Услыхав это, Чума помрачнела. Сверкнула глазами, но ничего не сказала.

— Ты знаешь Кароля? — спросила я осторожно.

— Знаю. Передай ему, если тронет тебя, будет иметь дело с Чумой.

— Думаешь, он испугается?

— А ты передай. Давно ты у него?

— Полгода.

Чума недоверчиво покрутила головой.

— Это ж надо, как меня живопись захватила! Совсем не знаю, что делается в Яффе, — выговорила она себе с неудовольствием. — А раньше ты где жила?

— В Шаарии. Ты знаешь, где это?

— Знаю. Главная достопримечательность — автобусная остановка.

— Ага. А тебя туда как занесло? Эта Шаария, она не по пути никому и никуда.

— Меня держали в интернате неподалеку. Социальные пробовали забрать меня у Берты. Ее часто запирали в дурдом. А я убегала от них семь раз — два раза от приемных родителей и пять из интерната. Потом они оставили меня в покое.

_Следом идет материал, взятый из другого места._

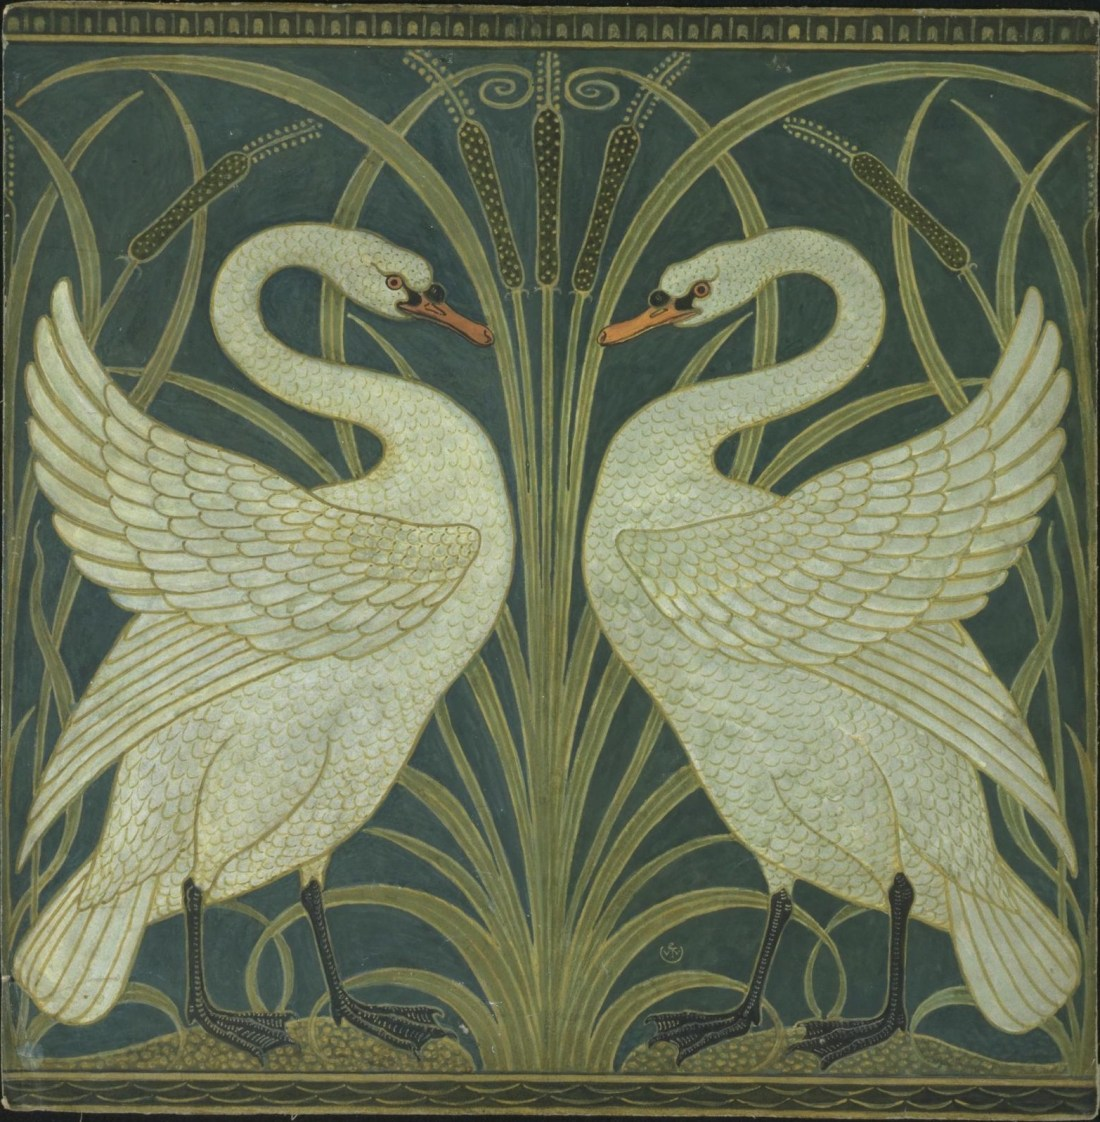 Swan and Rush and Iris wallpaper. 1875.

— Ты так любила эту… Берту?

— Ненавидела. Но кто-то должен был о ней заботиться. Она не всегда была сумасшедшая. Когда-то она играла на рояле и читала книжки. Это было в городе Лодзь. А потом она бежала от немцев и скиталась по деревням. В одной деревне ее держали в собачьей будке. На цепи с ошейником. След на шее так и остался. Она говорила, что ей обязательно надо повеситься, потому что след от веревки уже есть.

— Чем она занималась?

— Воровала. Попрошайничала. Она не хотела брать немецкие деньги, да они ей и не полагались. Она же бежала по пути в концлагерь.

— А кто твой отец?

— Черт его знает. Берта забыла сделать аборт. Она часто забывала. Потушить огонь, закрыть кран. Пока я не подросла, мы не ели горячего, потому что Берта могла спалить дом. Меня на базаре подкармливали.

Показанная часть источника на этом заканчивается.